- France Travail mise sur l’IA pour automatiser les tâches administratives et libérer du temps pour les conseillers afin qu’ils se concentrent sur l’accompagnement humain des demandeurs d’emploi.
- Des outils comme ChatFT, ChatFT Écoute et MatchFT sont déjà déployés ou en test, avec des fonctions allant du résumé d’entretiens à la mise en relation rapide avec des candidats.
- Le projet suscite des tensions avec les syndicats, qui demandent plus de transparence et craignent des suppressions de postes et une standardisation du travail malgré les objectifs de redéploiement des effectifs.
Mettre plus d’IA pour créer plus de relations humaines, c’est le pari affiché par France Travail. L’établissement teste et déploie depuis 2024 plusieurs outils censés faire gagner du temps aux conseillers, pendant que les syndicats demandent des comptes sur les effets concrets pour les agents.
Plus d’IA pour remettre l’humain au centre
Pour la direction de France Travail, l’idée est simple. Automatiser une partie des tâches de saisie ou de synthèse pour que les conseillers passent davantage de temps avec les demandeurs d’emploi et les recruteurs.
L’outil le plus avancé, ChatFT, est déjà déployé sur tout le territoire. Développé avec Mistral, il peut aider à résumer un entretien avec un demandeur d’emploi. La directrice IA de France Travail, Béatrice Grenade, explique qu’« un conseiller peut gagner trois heures par semaine avec cet outil et réinvestir ce temps dans l’accompagnement ». Le message est limpide, moins d’écran, plus d’échange.
Des outils déjà là, d’autres en route
L’investissement suit. France Travail indique avoir consacré 15 millions d’euros à l’IA en 2025, après 93 millions d’euros entre 2017 et 2024.
Autre brique, ChatFT Écoute. Testé dans six régions avant une généralisation annoncée en 2027, cet outil synthétise les entretiens, au téléphone comme en face à face, avec les demandeurs d’emploi ou les recruteurs. La direction dit vouloir enlever l’ordinateur entre le conseiller et son interlocuteur.

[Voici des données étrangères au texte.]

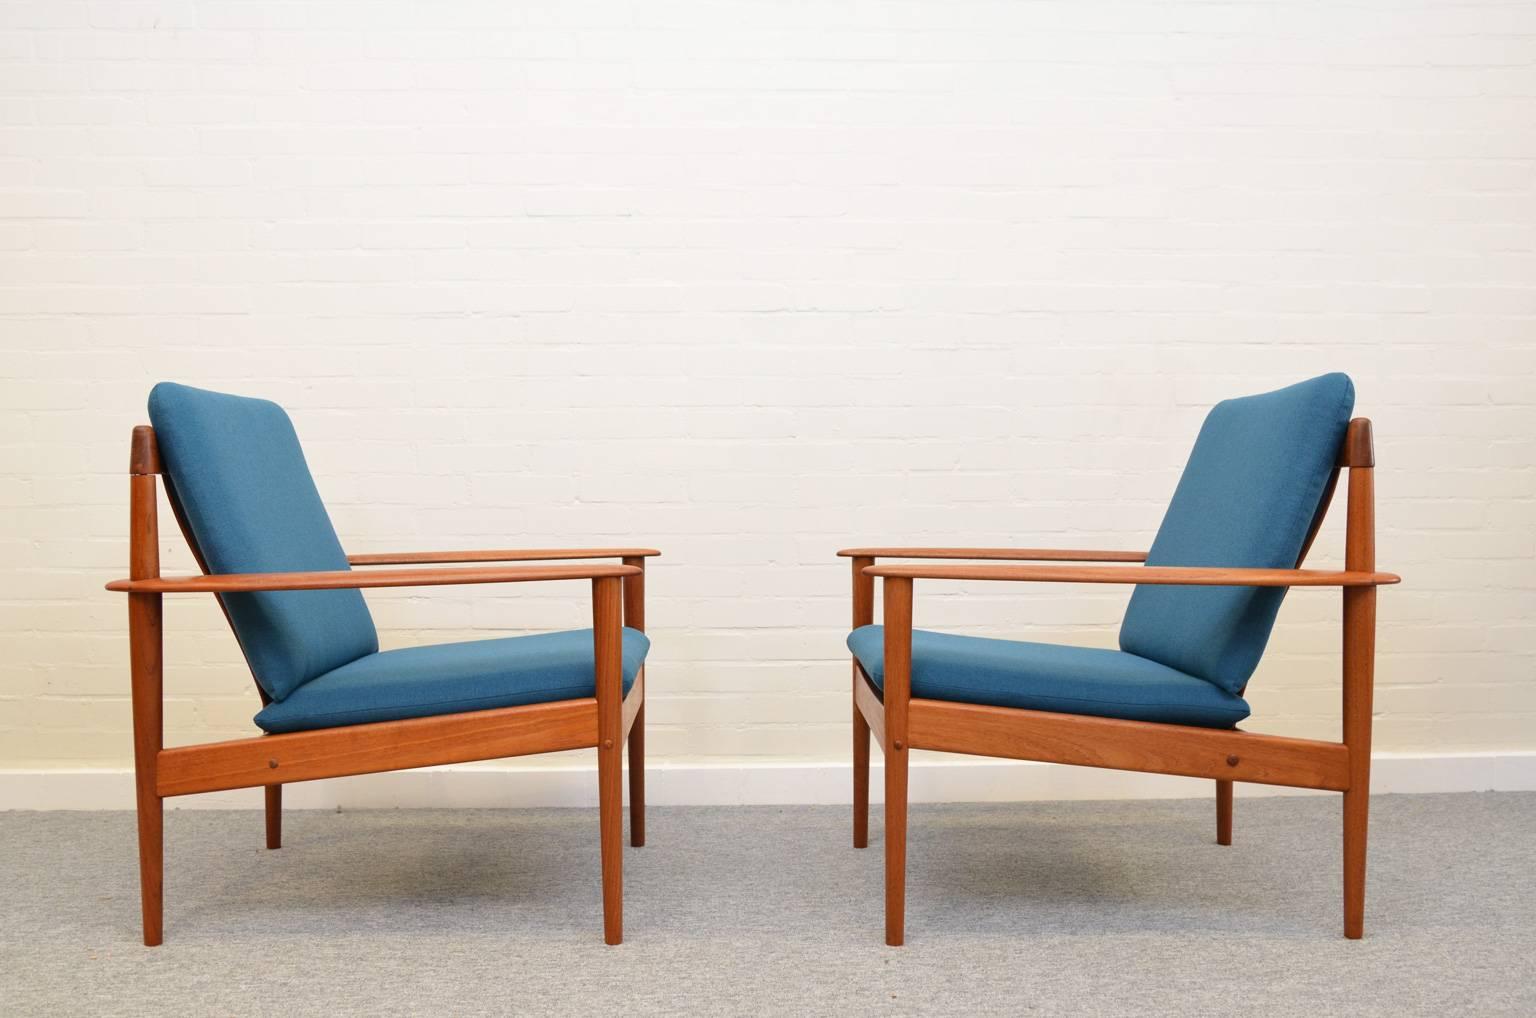 Two easy chairs model PJ56 in teak with new blue upholstery. Simple and elegant, typical for designs by Grete Jalk. Marked under the seating. 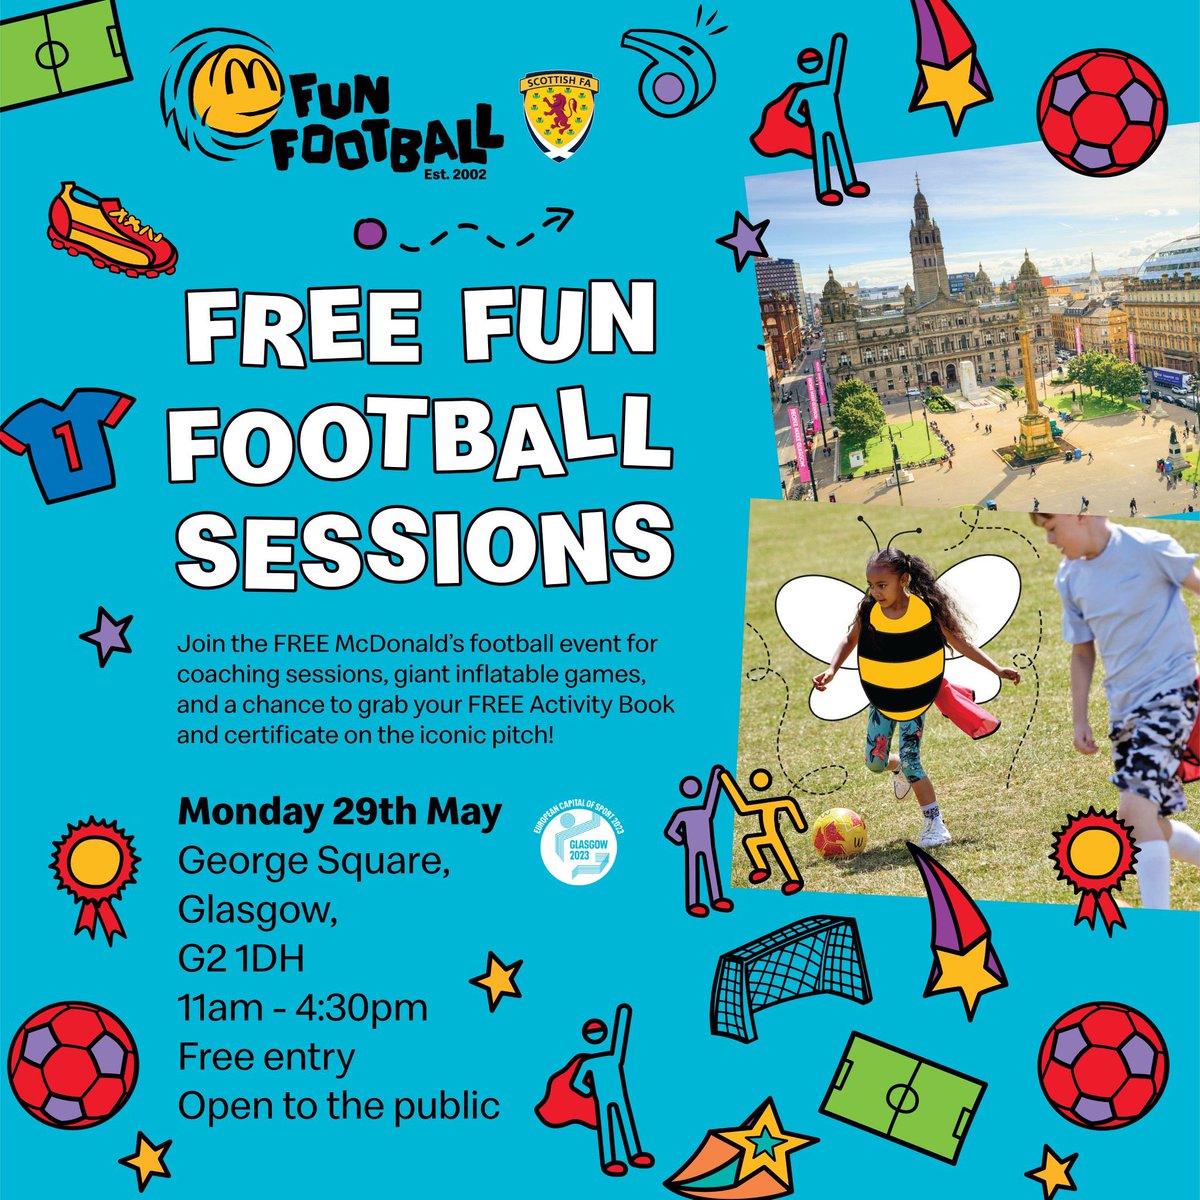 ☀️ The sun is out and the free @FunFootballUK sessions are ready to go in Glasgow’s George Square. Come down between 11am and 4.30pm today to take part in the Big Kickabout event ⚽️

À VivaTech, France Travail a aussi montré MatchFT, encore en test. Son rôle, trouver plus vite le bon candidat pour une offre. Des SMS sont envoyés à des profils potentiels pour vérifier, par exemple, si les horaires conviennent. Du concret, et déjà très opérationnel.
Les syndicats veulent voir clair avant l’accord
En interne, le climat est bien moins tranquille. Une négociation d’accord est prévue en septembre, et les syndicats réclament plus de transparence sur les usages réels de l’IA.
Le représentant de la CGT, Guillaume Bourdic, regrette ne pas avoir aujourd’hui de « cartographie des cas d’usage » de l’IA chez France Travail. Il dit craindre un développement pensé surtout en gains d’efficience et de temps, avec à la clé suppressions de postes, intensification du travail et déqualification des conseillers. Son objectif est clair, éviter des mécanismes d’automatisation où les conseillers perdraient la main.
Du côté de la FSU, Christophe Moreau redoute aussi une « standardisation des conclusions d’entretiens ». Derrière l’outil, c’est le métier qui inquiète.
La bataille des effectifs en toile de fond
Cette tension tient aussi aux chiffres. À l’horizon 2027, la direction vise le redéploiement de 800 équivalents temps plein vers l’accompagnement humain grâce à l’IA.
Mais, en attendant, France Travail doit perdre 515 ETP en 2026, sur un total de 54.000 agents. Le directeur général adjoint technologies, Samir Amellal, insiste sur une double transformation, interne et plus large, imposée par l’évolution technologique. C’est là que tout se joue. Pour la direction, l’IA libère du temps. Pour les syndicats, elle peut aussi rogner les effectifs.